The Venetian Problem
Between 1171 and 1185, Manuel I falls out with Venice and lights a fuse in Constantinople
NOW THAT HE CONTROLLED Croatia and Bosnia, Manuel had become a neighbor to the maritime republic of Venice.
Venice: the wealthiest of the Italian sea-trading cities, queen of the trade routes, and wary of any threat to her dominance. Until this point, Manuel and the Venetians had been on friendly but fragile terms. The Venetians traded tax-free in some parts of the empire and had their own quarter in Constantinople, and in exchange had sent ships to help out with Manuel’s doomed invasion of southern Italy.

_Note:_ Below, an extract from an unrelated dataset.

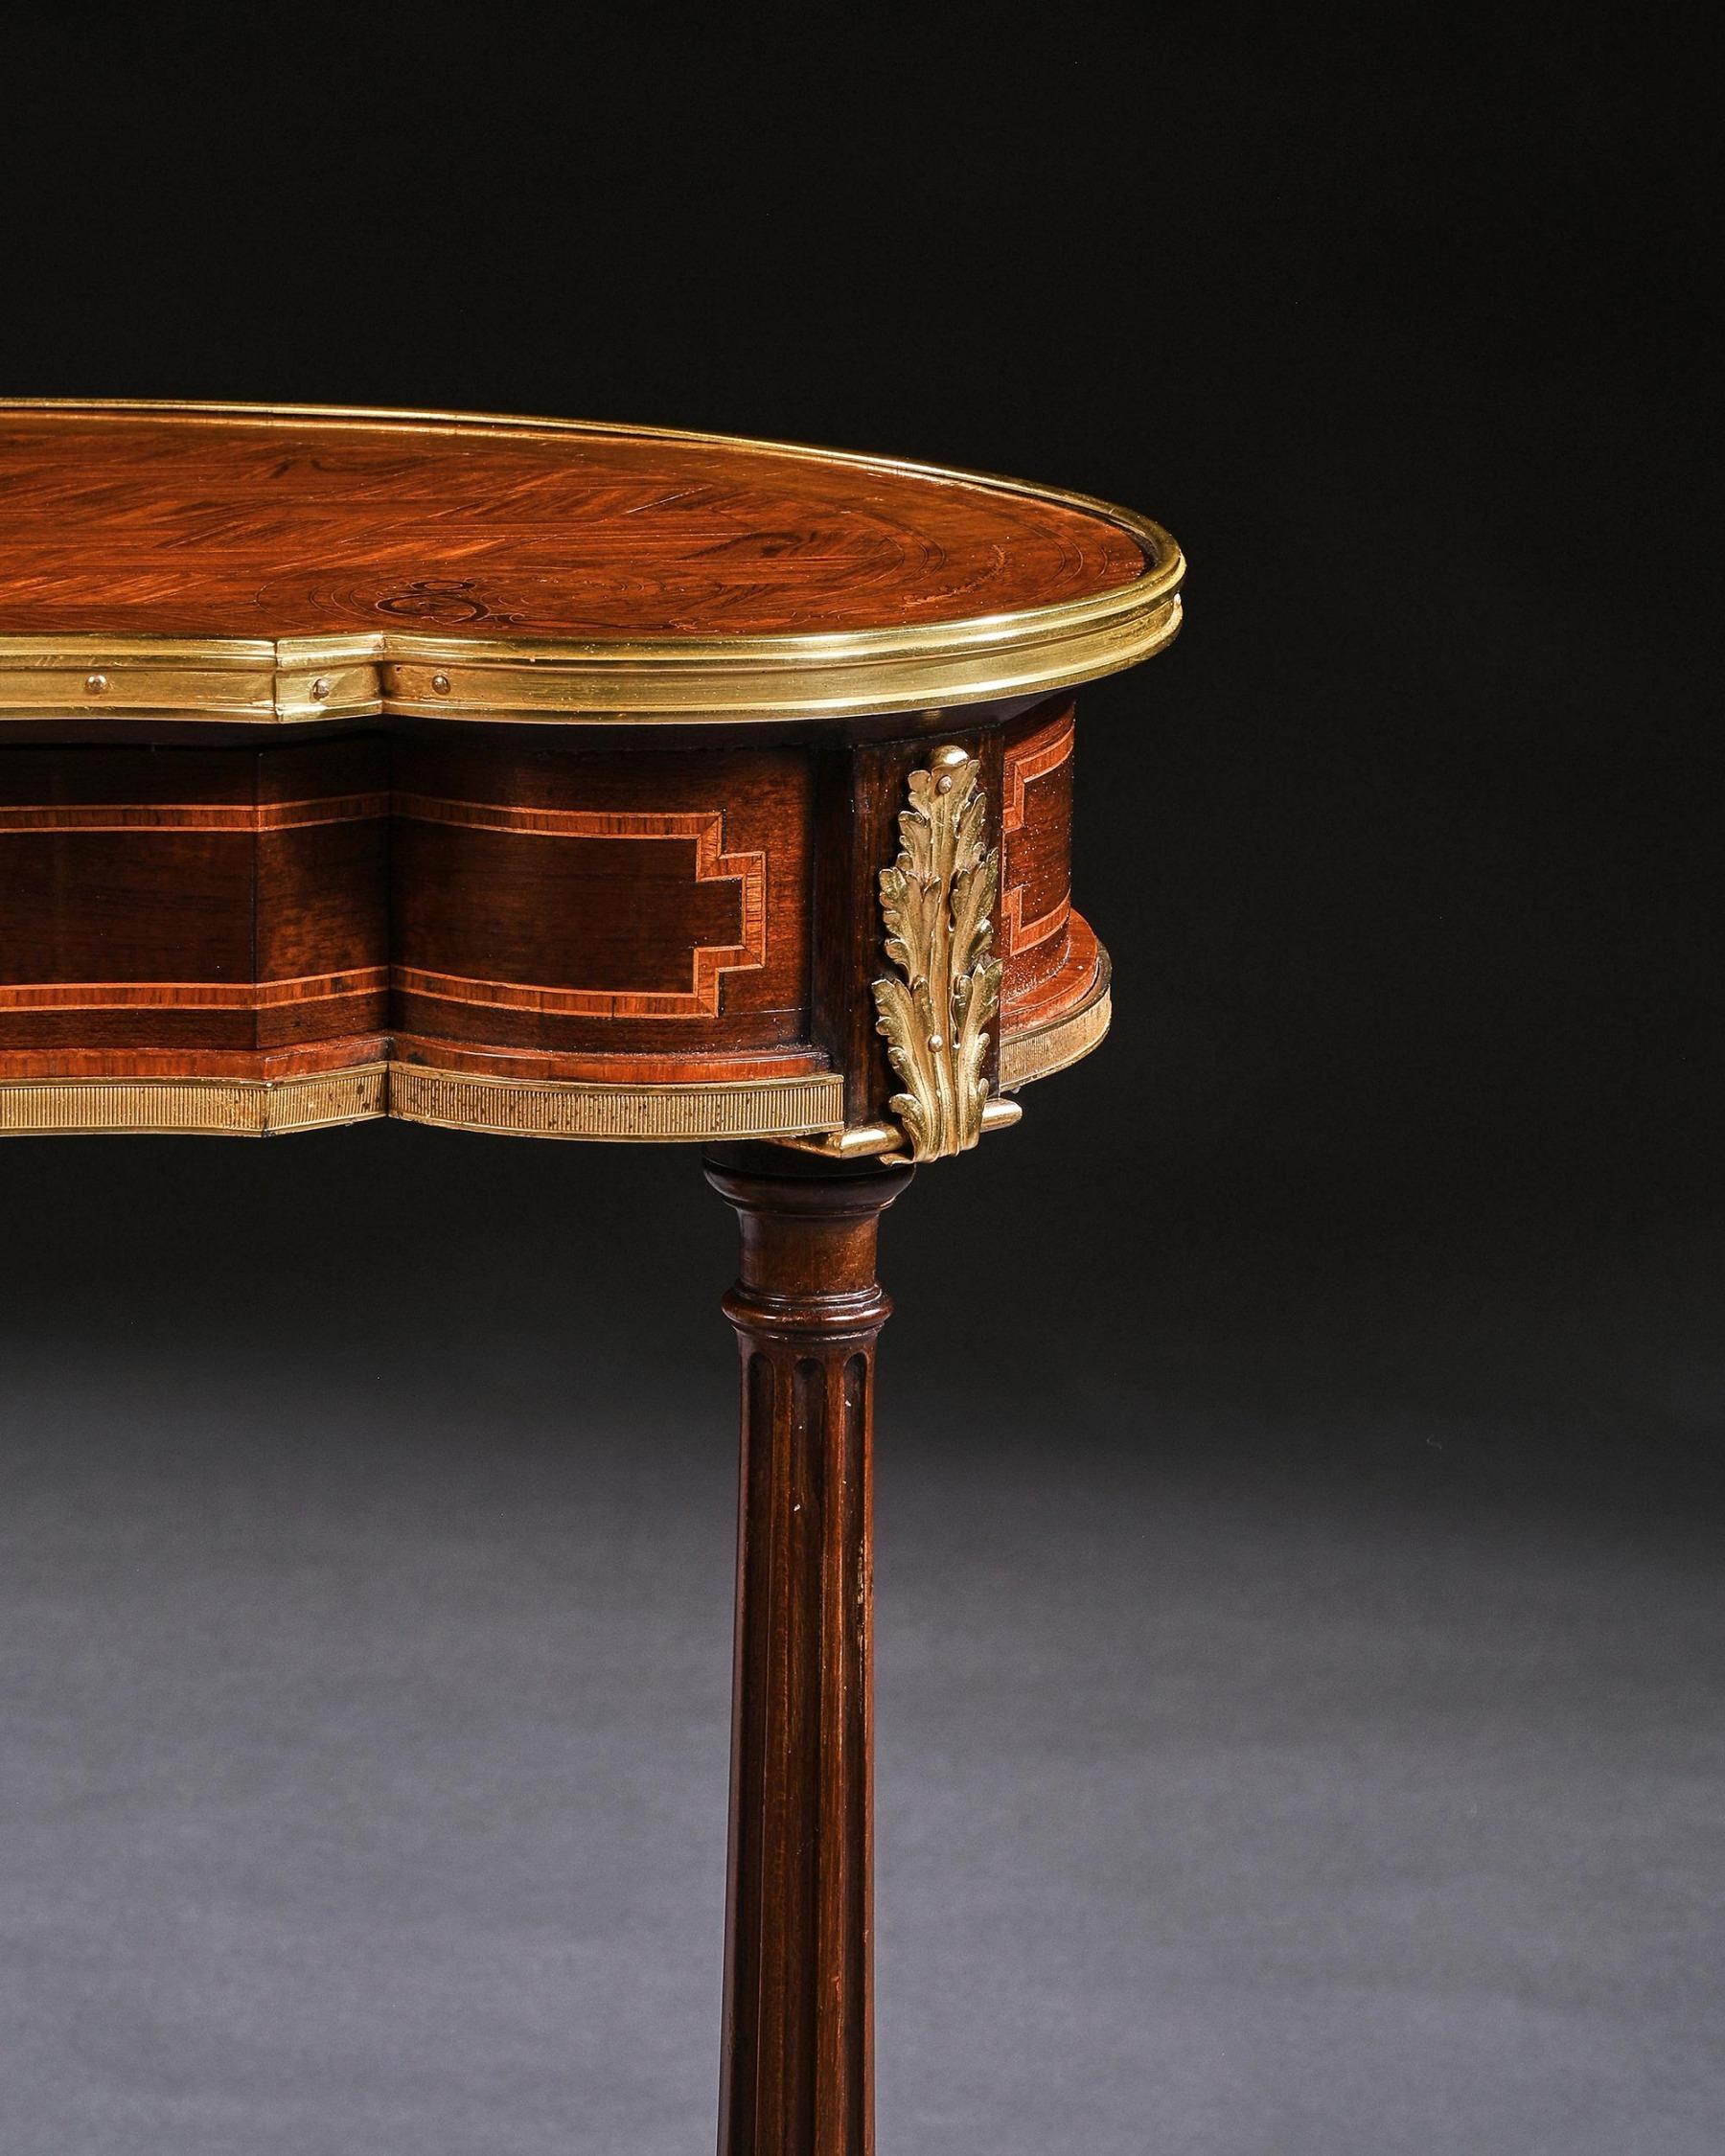 Fine 19th Century Gillows Parquetry and Gilt Bronze Kidney Shaped Table For Sale 3
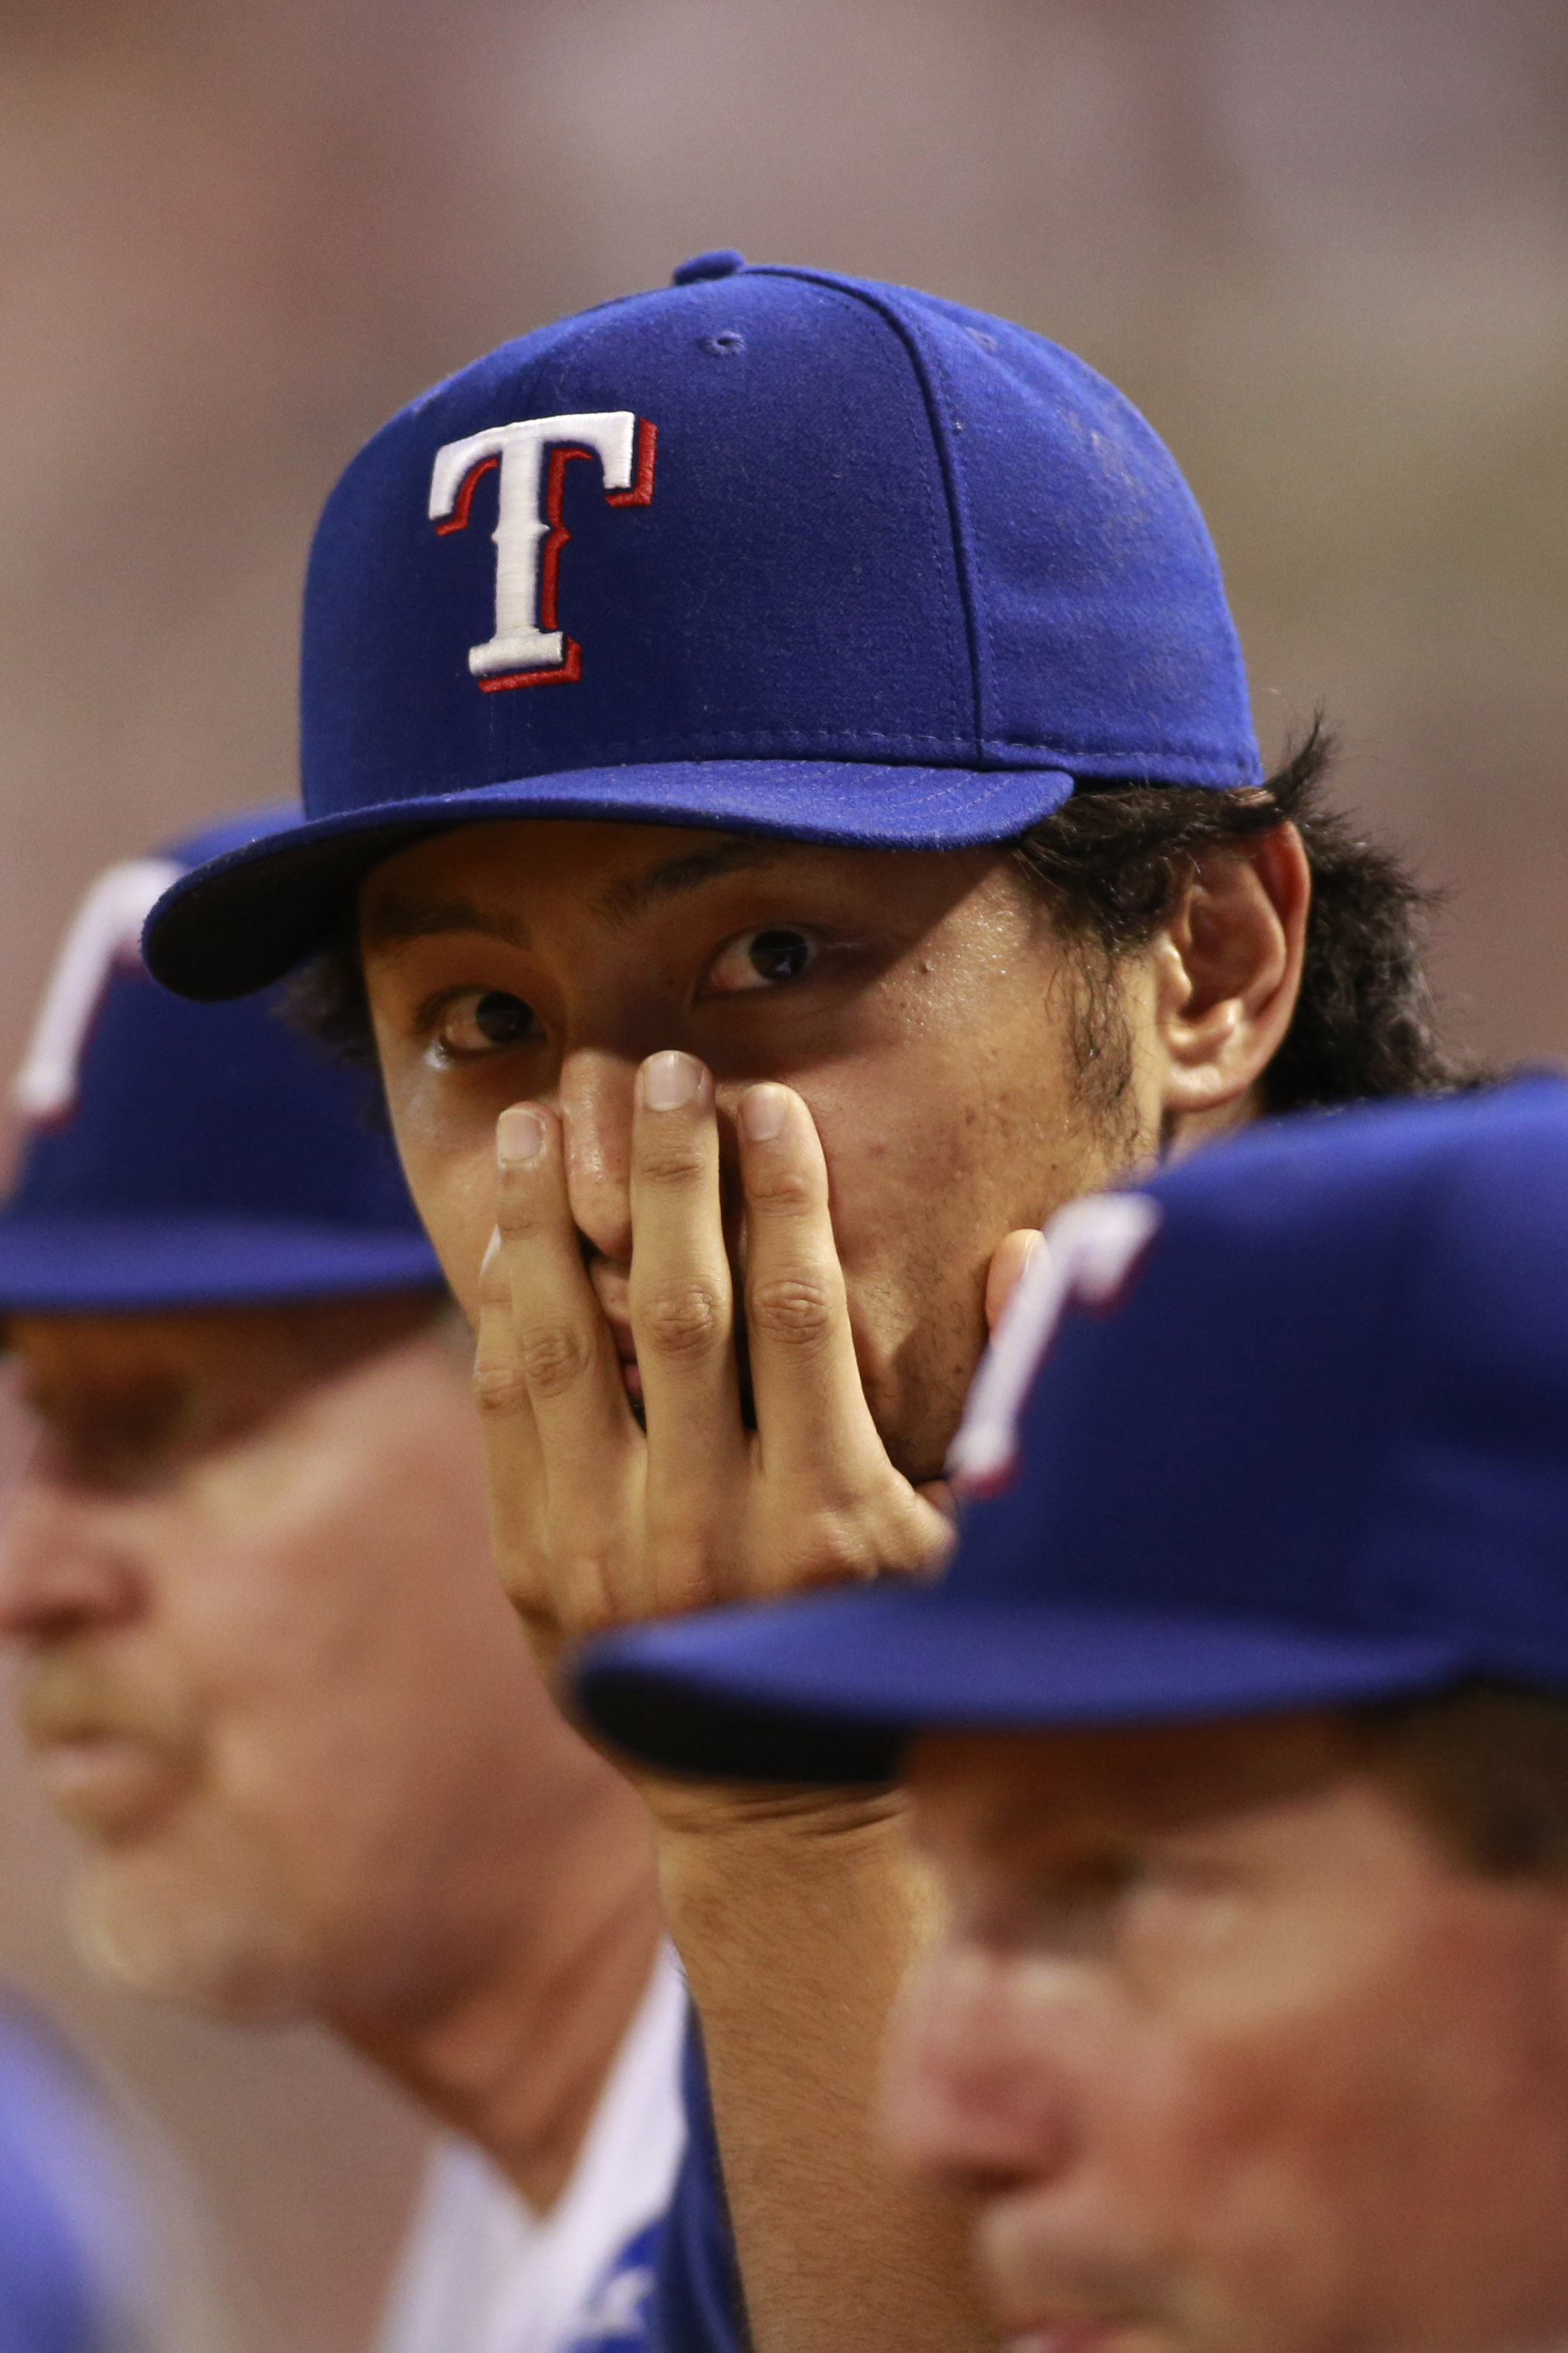 I can't blame Yu for not wanting to look. It wasn't pretty last year in Arlington.

Venice’s goal wasn’t friendship with Byzantium. Instead, the Venetians wanted to keep the competing rulers in Italy in balance, so that no one would gain enough strength to dominate Venice. The Norman kingdom of southern Italy (the “Dukedom of Apulia and Calabria”) had been joined to the Norman kingdom of Sicily around 1130, when a single Norman count had inherited both titles, and the entire realm was now ruled by the young Norman nobleman William the Good. As long as Frederick Barbarossa and William the Good were both struggling for control in Italy, Manuel’s presence would help prevent either from taking over.
But as Manuel approached along the coast, the balance of power seemed to be tilting his way. To restore the useful tension that kept them independent, the Venetians now offered to make a treaty with Hungary, and the Doge of Venice—the chief magistrate and prince of the city—offered to ratify it by marrying both of his sons to Hungarian princesses. When Hungary had controlled the land next door, the Hungarian king had been their enemy; now he was a useful counterweight.1
Manuel, stung, retaliated by doing a balancing act of his own. He granted both the Pisans and the Genoans, Venice’s rivals, more trading privileges and enlarged quarters within Constantinople itself.
20.1 Byzantium and Venice
At this, the whole scale fell over. An enraged mob of Venetian expats attacked and sacked the new Genoese quarter, tearing off roofs, knocking over walls, and leaving it uninhabitable. Manuel sent a sharp message to the Doge, Vitale Michiel, demanding that Venice both rebuild the quarter and pay damages to Genoa. The Doge refused, blaming the destruction on the citizens of Constantinople. Manuel had anticipated the refusal; he had already sent secret messages all across Byzantium, ordering his officials to arrest every Venetian citizen on Byzantine soil at one time. The date set was March 12, 1171.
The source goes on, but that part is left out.